Repeat the listing exactly. Do not carry over any pictures.

### DATASET EXTRACT ###

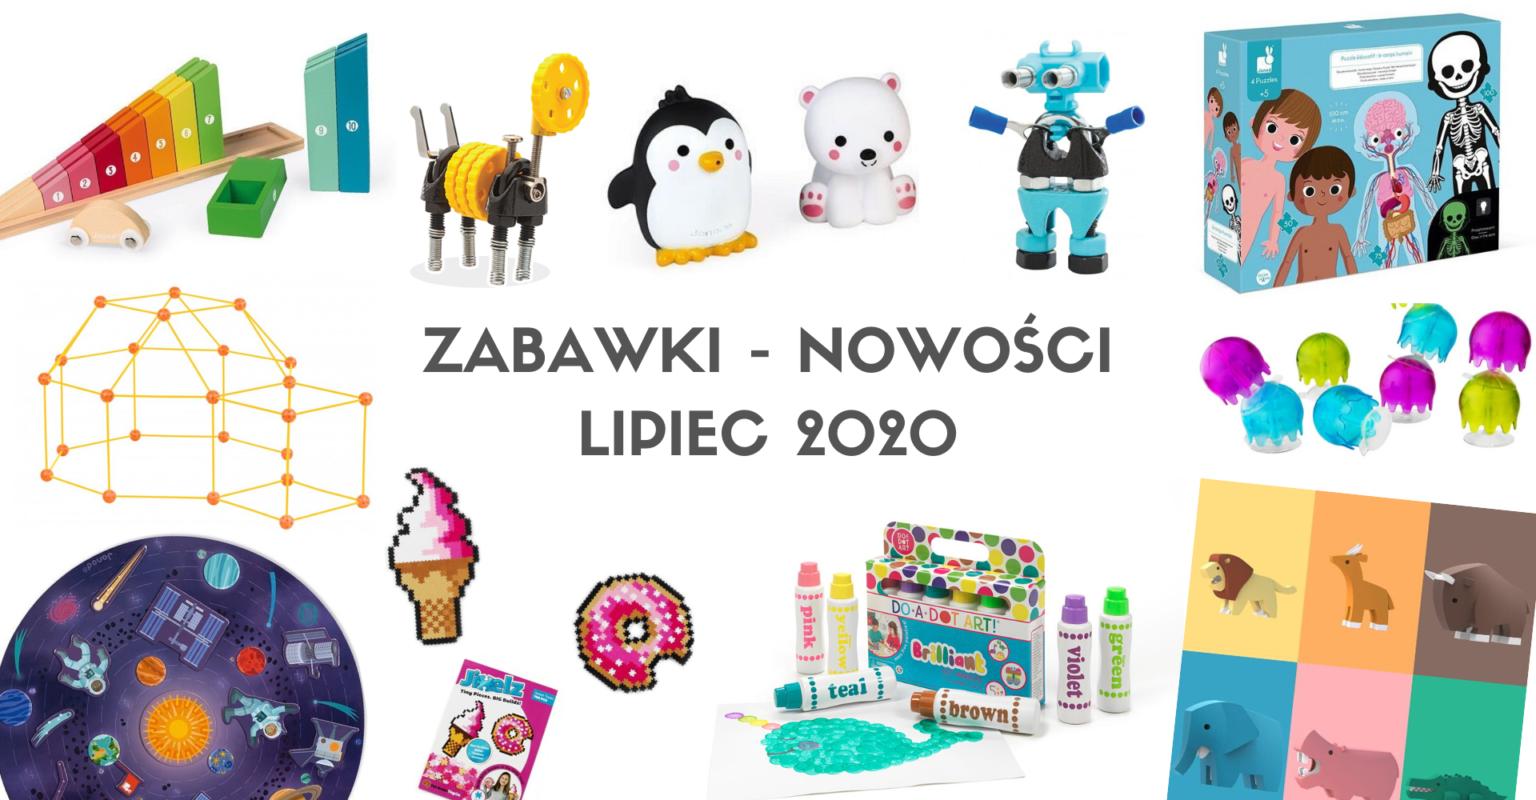 Puzzle ciało człowieka i inne nowości wśród zabawek - lipiec 2020.
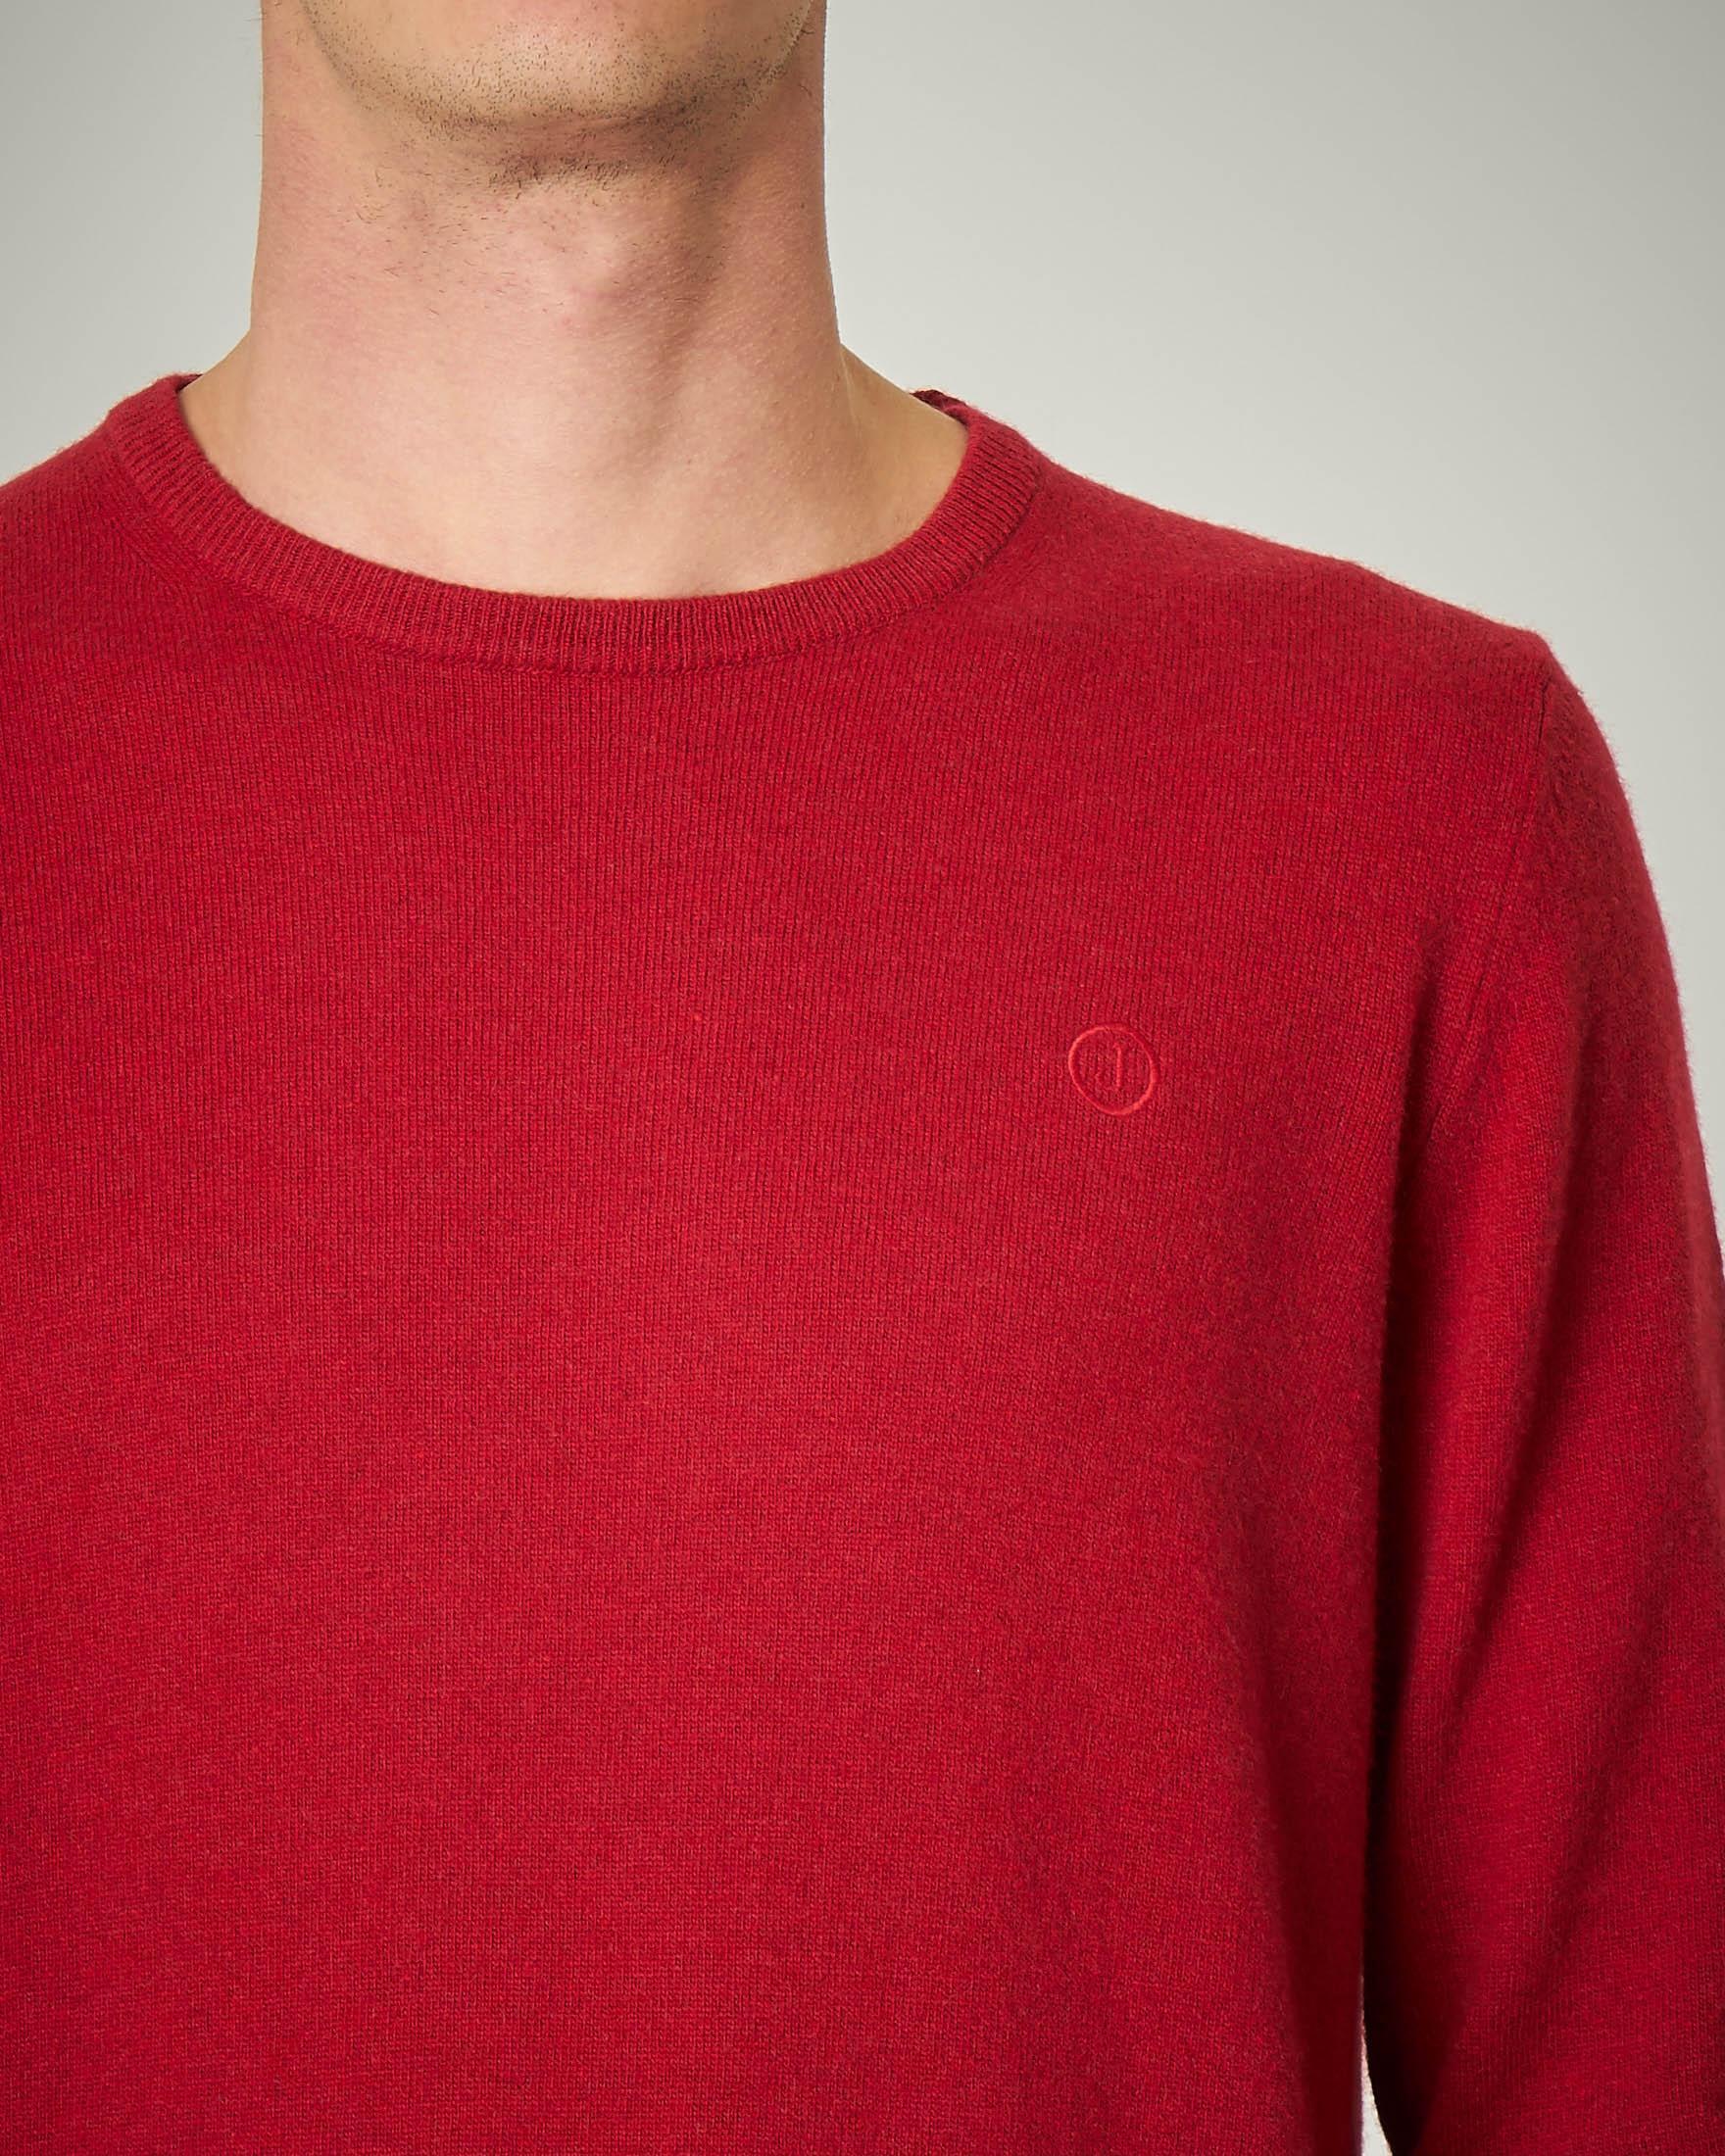 Maglia rossa girocollo con toppe grigie in contrasto
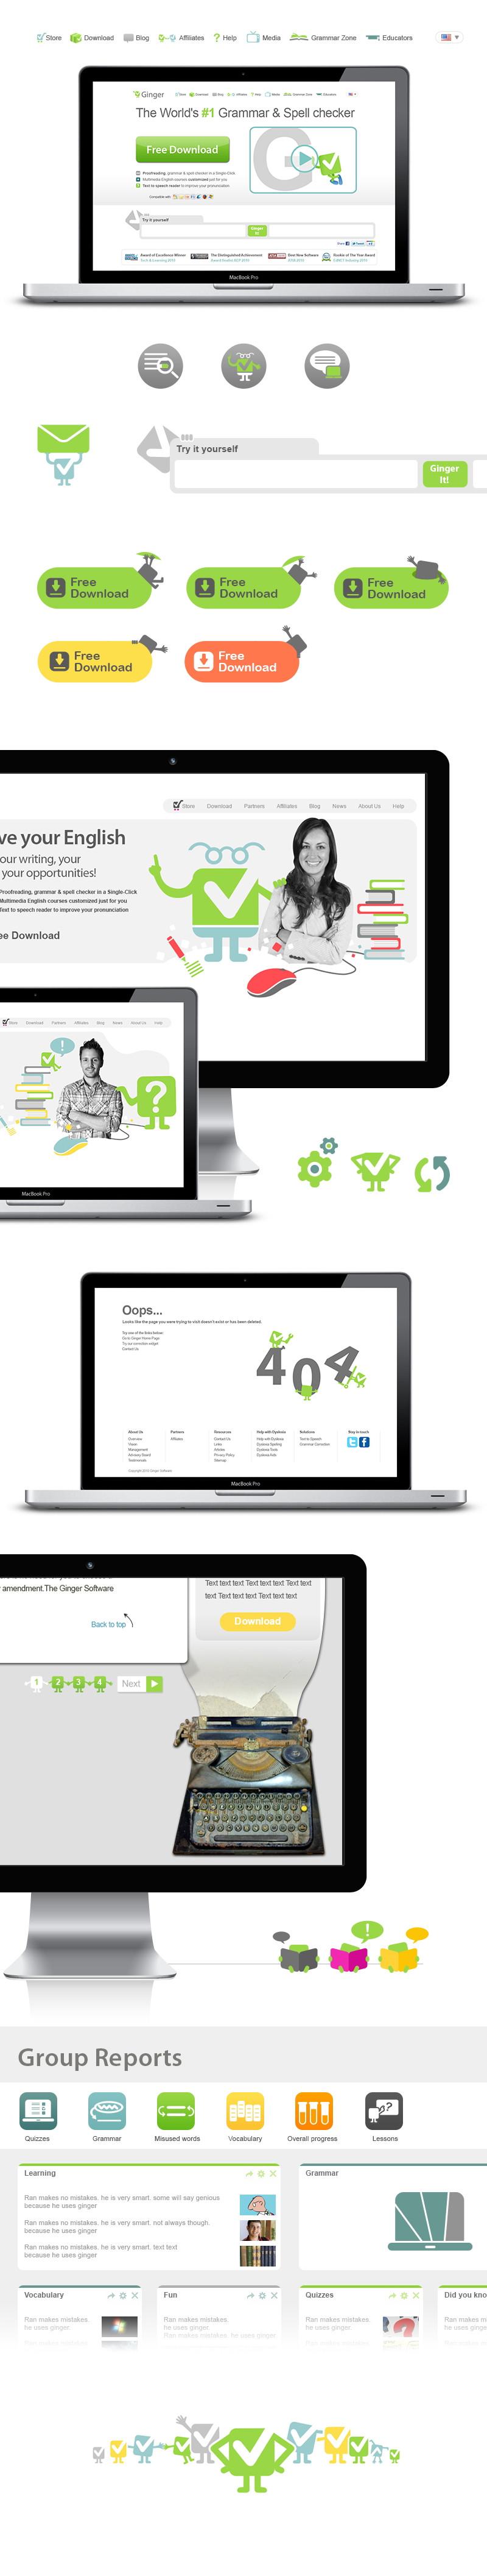 Ginger Software web design
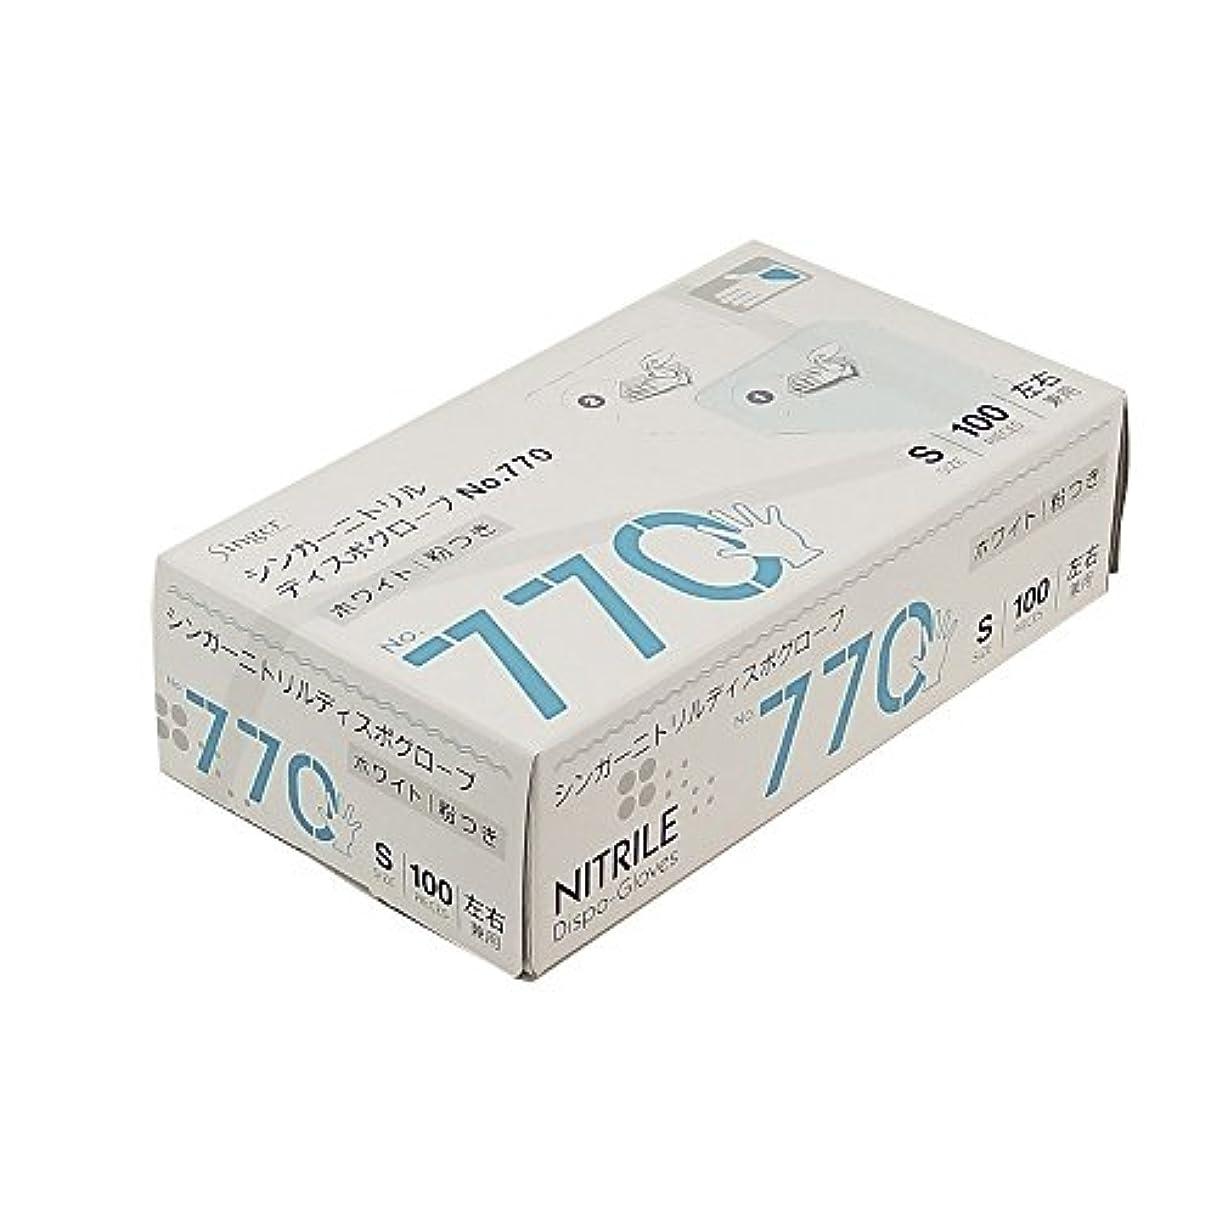 間接的告発者パール宇都宮製作 ディスポ手袋 シンガーニトリルディスポグローブ No.770 ホワイト 粉付 100枚入  S

###

**ANSWER SECTION:**
 Puzzle ciało człowieka i inne nowości wśród zabawek - lipiec 2020.
 Maglia rossa girocollo con toppe grigie in contrasto
 Ginger Software web design
 間接的告発者パール宇都宮製作 ディスポ手袋 シンガーニトリルディスポグローブ No.770 ホワイト 粉付 100枚入  S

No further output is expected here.